Definition of suretyship. Sec. 175, Insurance Code defines suretyship as a


contract or agreement whereby a party, called the surety, guarantees the performance
by another party, called the principal or obligor, of an obligation or undertaking in favor
of a third party, called the obligee. It arises upon the solidary binding of a person –
deemed the surety – with the principal debtor, for the purpose of fulfilling an obligation.

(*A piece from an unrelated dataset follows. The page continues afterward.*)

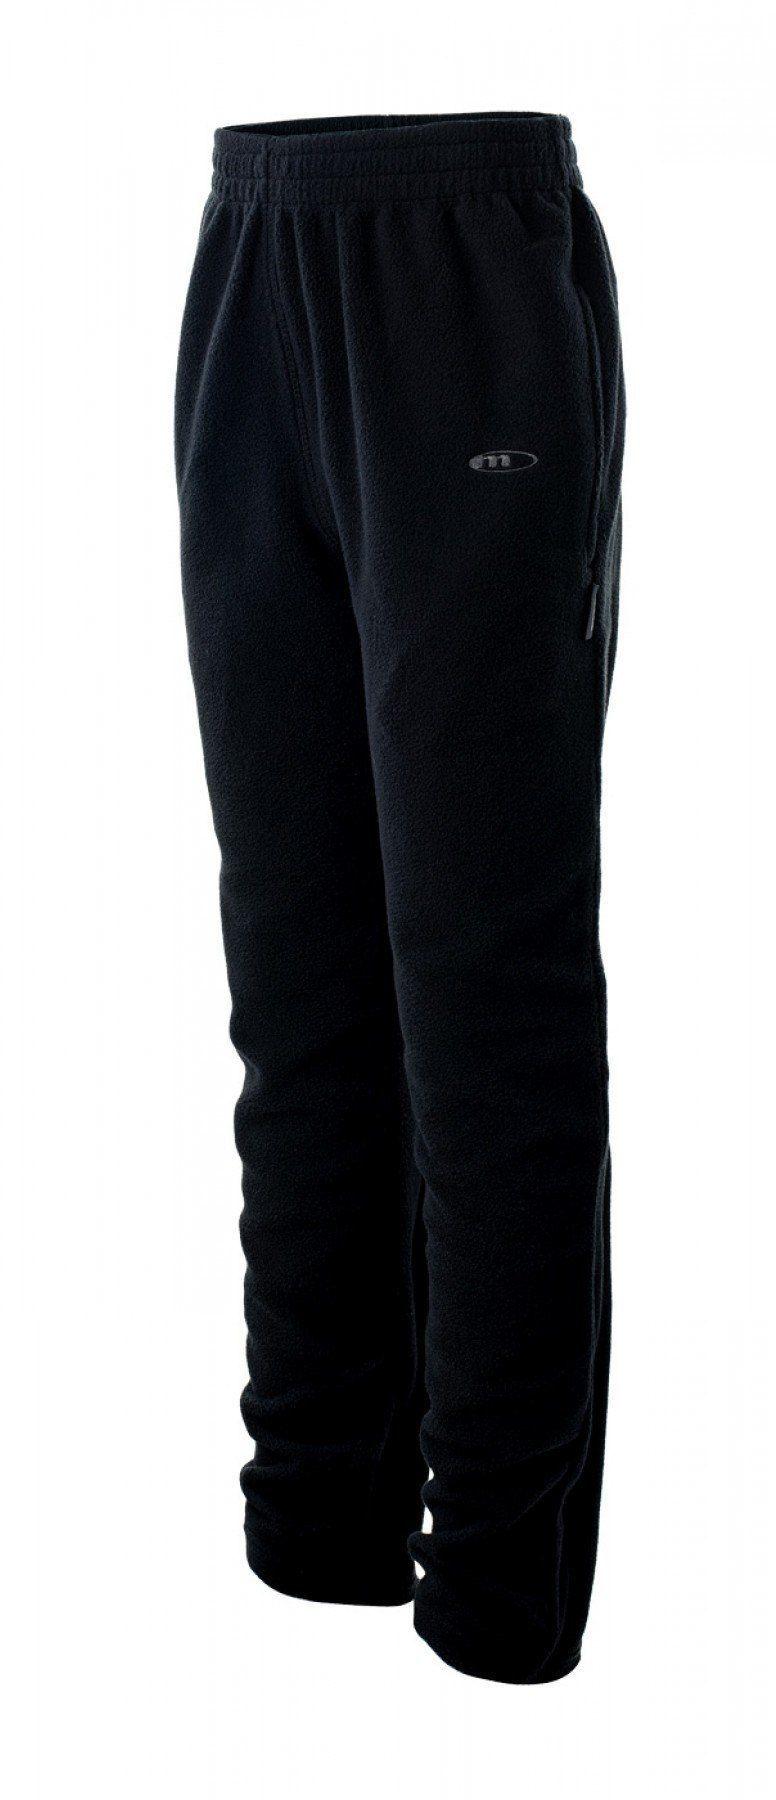 Martes Spodnie Sportowe Męskie Kerano Czarne r. M ID produktu: 1487223

Nature. Such undertaking makes a surety agreement an ancillary contract as it


presupposes the existence of a principal contract. Although the contract of a surety is in
essence secondary only to a valid principal obligation, the surety becomes liable for the
debt or duty of another although it possesses no direct or personal interest over the
obligations nor does it receive any benefit therefrom. And notwithstanding the fact that
the surety contract is secondary to the principal obligation, the surety assumes liability
as a regular party to the undertaking.

Extent of liability. The extent of the surety’s liability is determined by the


language of the suretyship contract or bond itself. It cannot be extended by implications
beyond the terms of the contract.

Thus, to determine whether First Lepanto is liable to Chevron under the surety
bond, we need to examine the terms of the contract itself. A reading of the bond shows
that it secures the payment of purchases on credit by Fumitechniks in accordance with
the terms and conditions of the “agreement” it entered into with Chevron. The word
“agreement” has reference to the distributorship agreement, the principal contract and
by implication included the credit agreement in the rider.

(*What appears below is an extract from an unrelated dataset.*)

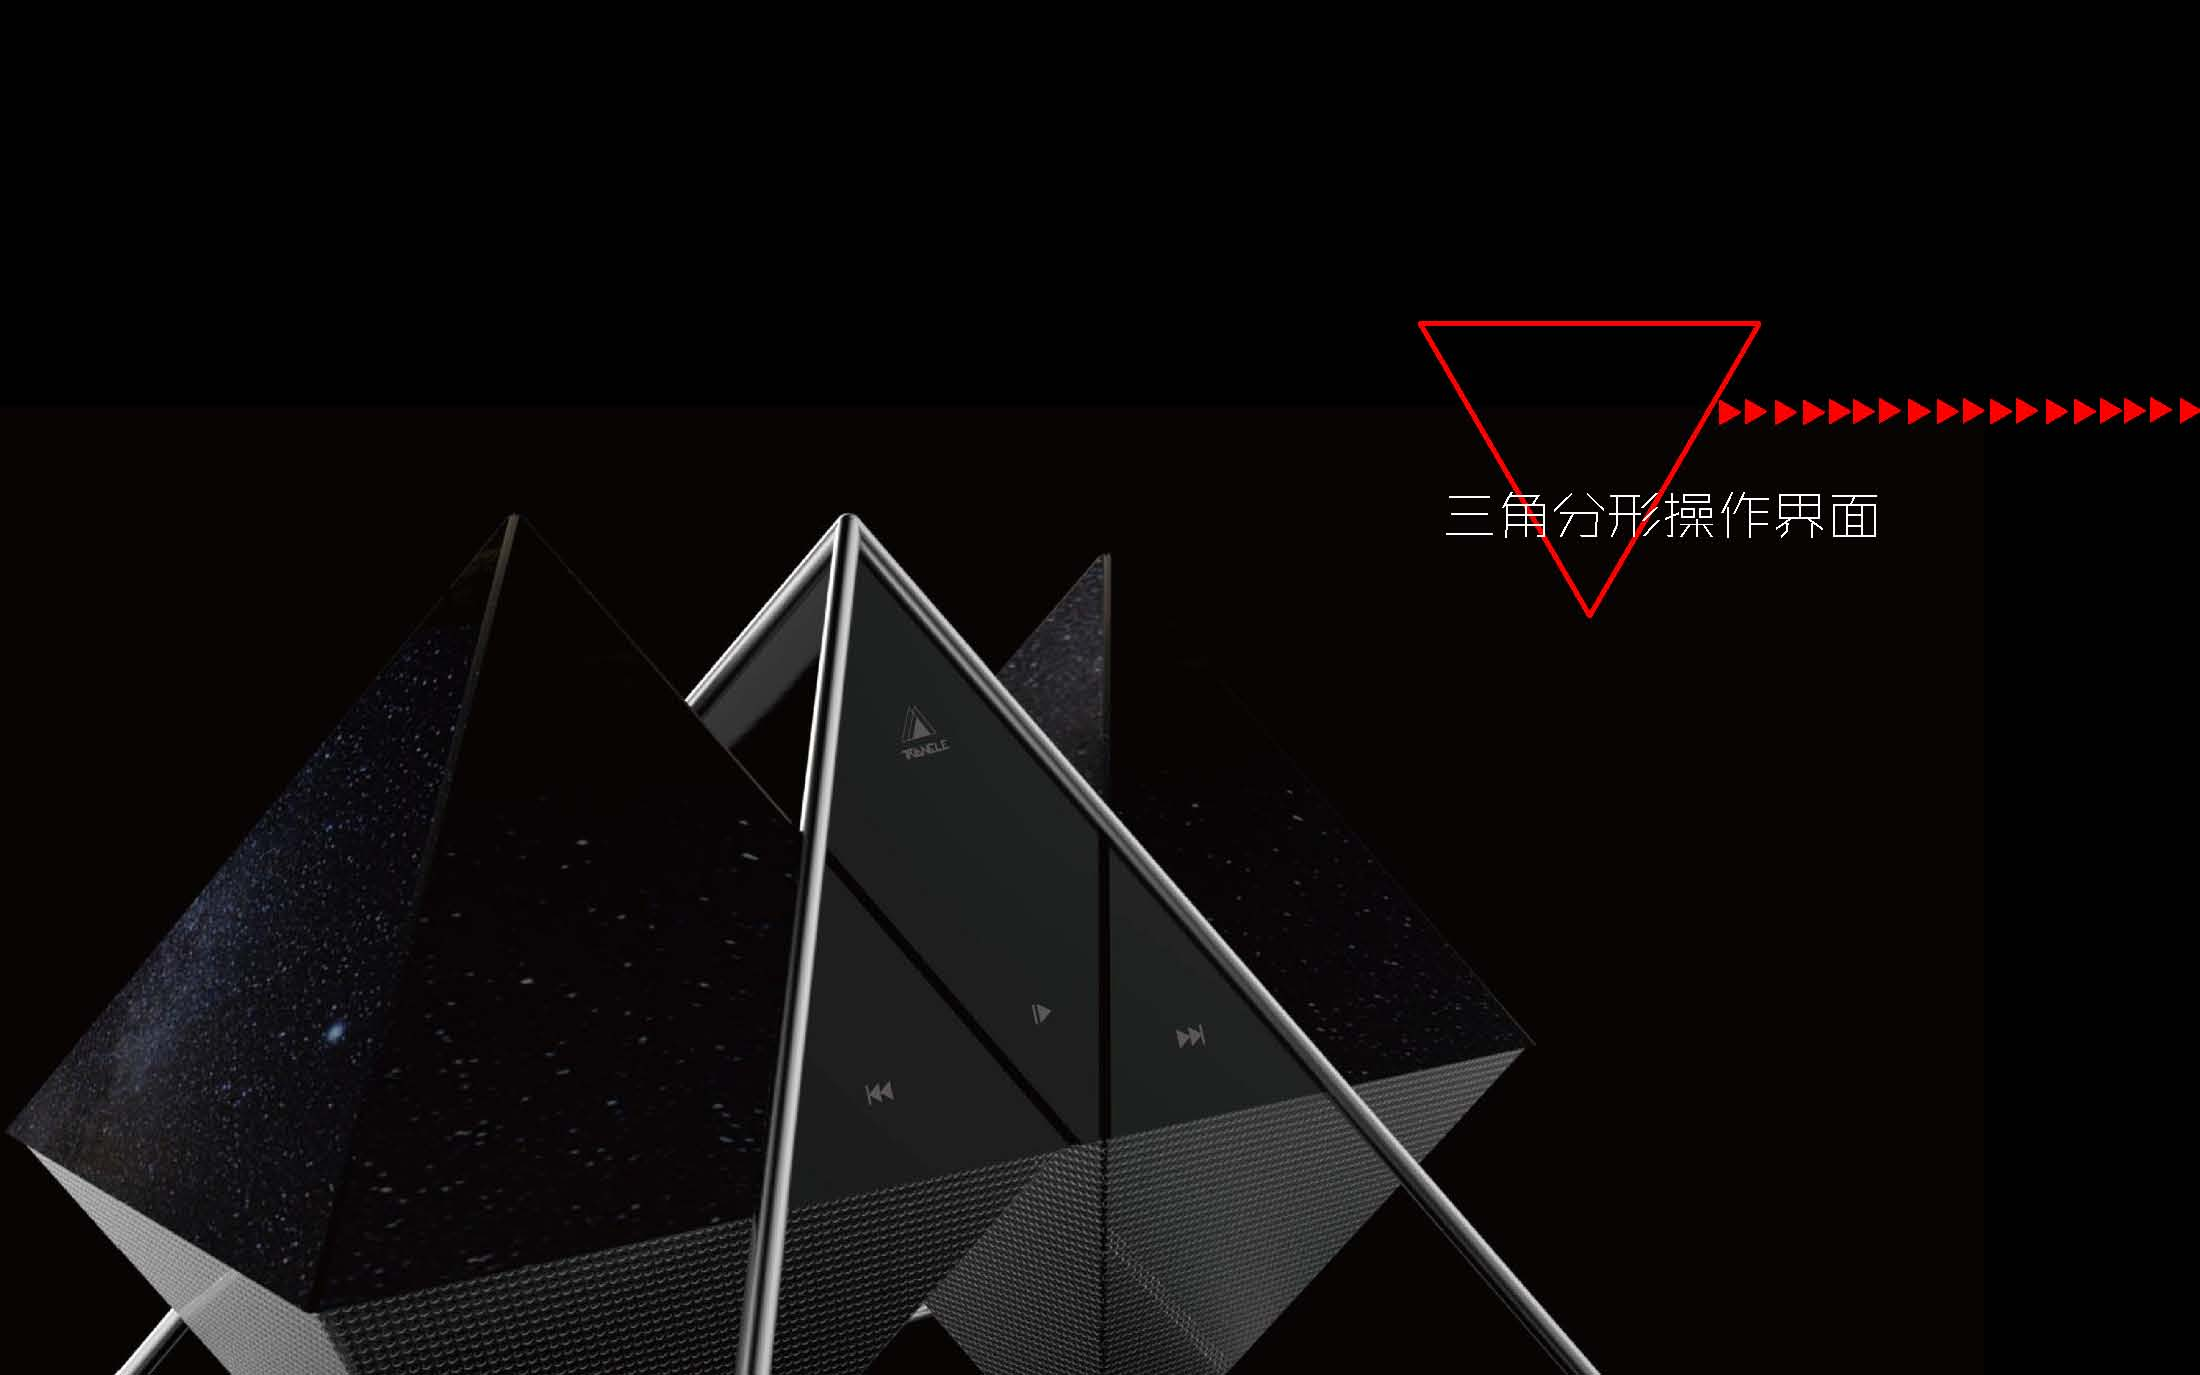 金属摇滚元素 金字塔音响播放器设计

But in this case, Chevron has executed written agreements only with its direct
customers but not to distributors like Fumitechniks and it also never relayed the terms
and conditions of its distributorship agreement to First Lepanto after the delivery of the
bond.

First Lepanto is not liable as surety. The law is clear that a surety contract
should be read and interpreted together with the contract entered into between the
creditor and the principal (Sec. 176). A surety contract is merely a collateral one, its
basis is the principal contract or undertaking which it secures. Necessarily, the
stipulations in such principal agreement must at least be communicated or made known
to the surety.

The bond in this case specifically makes reference to a WRITTEN


AGREEMENT. Having accepted the bond, the creditor is bound by the recital in the
surety bond that the terms and conditions of its distributorship contract be reduced in
writing or at the very least communicated in writing to the surety. Such non-compliance
by the creditor impacts not on the validity or legality of the surety contract but on the
creditor’s right to demand performance.

Petition for review partly granted. CA decision reversed and set aside. RTC
decision dismissing Chevron’s complaint is reinstated.